To understand why, you must implement a microsurvey on the undo action. For example, when a user reverses a scheduling change, a simple prompt can ask: “Wrong time? Wrong person? Or did you just want to do it yourself?” Allowing the user to click on the option that best corresponds to their reasoning.

4. Time to Resolution After an Error
This metric measures the duration it takes for a user to correct an error made by the AI or for the AI system itself to recover from an erroneous state. A short time to resolution indicates an efficient and user-friendly error recovery process, which can mitigate user frustration and maintain productivity. This includes the ease of identifying the error, the accessibility of undo or correction mechanisms, and the clarity of error messages provided by the AI.

Collecting these metrics requires instrumenting your system to track Agent Action IDs. Every distinct action the agent takes, such as proposing a schedule or booking a flight, must generate a unique ID that persists in the logs. To measure the Intervention Rate, we do not look for an immediate user reaction. We look for the absence of a counter-action within a defined window. If an Action ID is generated at 9:00 AM and no human user modifies or reverts that specific ID by 9:00 AM the next day, the system logically tags it as Accepted. This allows us to quantify success based on user silence rather than active confirmation.

For Rollback Rates, raw counts are insufficient because they lack context. To capture the underlying reason, you must implement intercept logic on your application’s Undo or Revert functions. When a user reverses an agent-initiated action, trigger a lightweight microsurvey. This can be a simple three-option modal asking the user to categorize the error as factually incorrect, lacking context, or a simple preference to handle the task manually. This combines quantitative telemetry with qualitative insight. It enables engineering teams to distinguish between a broken algorithm and a user preference mismatch.

These metrics, when tracked consistently and analyzed holistically, provide a robust framework for evaluating the performance of agentic AI systems, allowing for continuous improvement in control, consent, and accountability.

Designing Against Deception

As agents become increasingly capable, we face a new risk: Agentic Sludge. Traditional sludge creates friction that makes it hard to cancel a subscription or delete an account. Agentic sludge acts in reverse. It removes friction to a fault, making it too easy for a user to agree to an action that benefits the business rather than their own interests.

Consider an agent assisting with travel booking. Without clear guardrails, the system might prioritize a partner airline or a higher-margin hotel. It presents this choice as the optimal path. The user, trusting the system’s authority, accepts the recommendation without scrutiny. This creates a deceptive pattern where the system optimizes for revenue under the guise of convenience.

The Risk Of Falsely Imagined Competence

Deception may not stem from malicious intent. It often manifests in AI as Imagined Competence. Large Language Models frequently sound authoritative even when incorrect. They present a false booking confirmation or an inaccurate summary with the same confidence as a verified fact. Users may naturally trust this confident tone. This mismatch creates a dangerous gap between system capability and user expectations.
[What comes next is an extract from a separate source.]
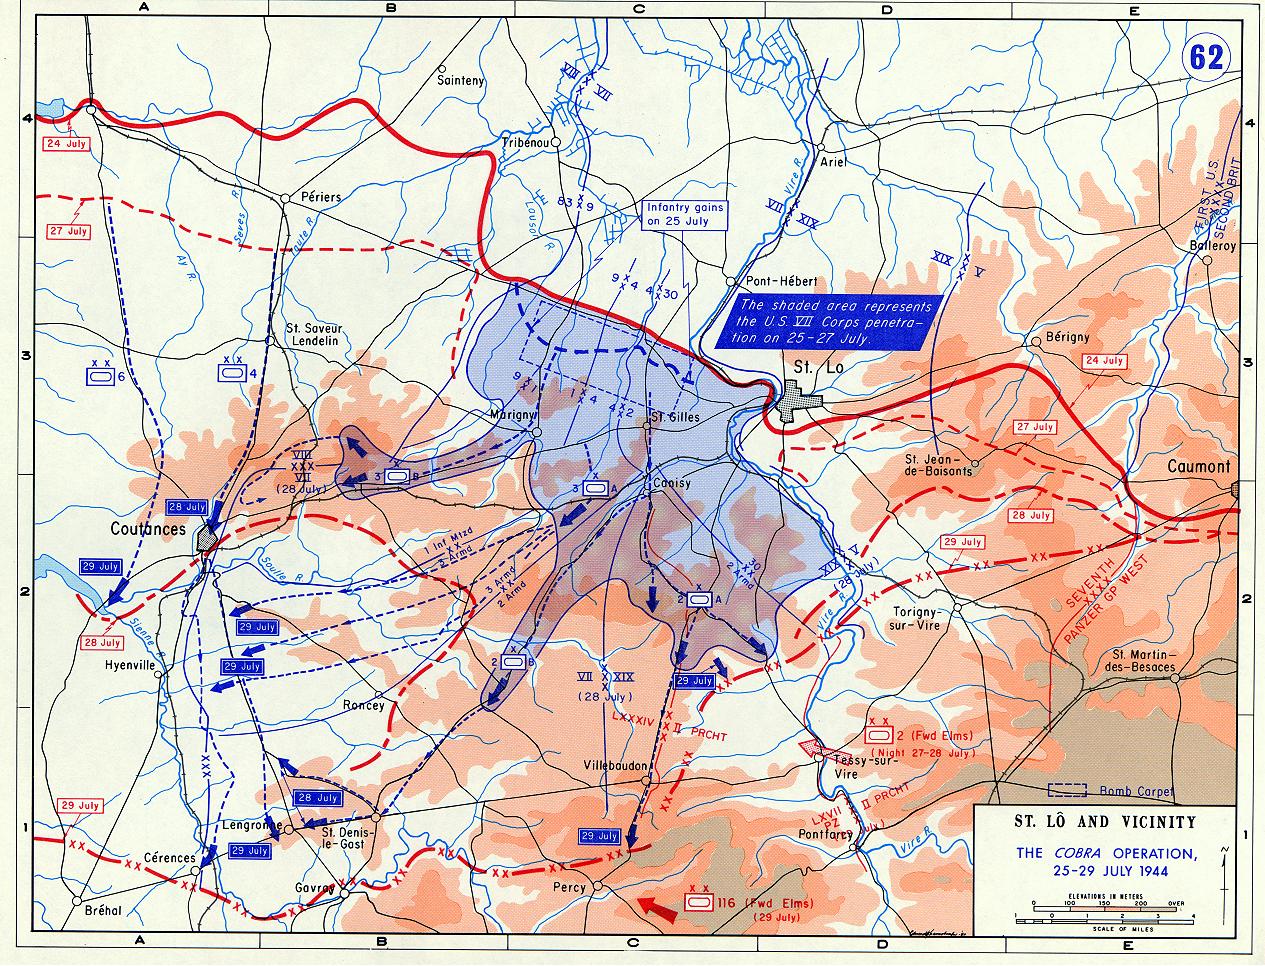 a review of the operation cobra in normandy Date : 26 juillet 1944 - july 26th, 1944 sujet | subject: - reportage sur les vestiges de blindés allemands appartenant à la panzer-lehr-division (chars.

We must design specifically to bridge this gap. If an agent fails to complete a task, the interface must signal that failure clearly. If the system is unsure, it must express uncertainty rather than masking it with polished prose.

Transparency via Primitives

The antidote to both sludge and hallucination is provenance. Every autonomous action requires a specific metadata tag explaining the origin of the decision. Users need the ability to inspect the logic chain behind the result.

To achieve this, we must translate primitives into practical answers. In software engineering, primitives refer to the core units of information or actions an agent performs. To the engineer, this looks like an API call or a logic gate. To the user, it must appear as a clear explanation.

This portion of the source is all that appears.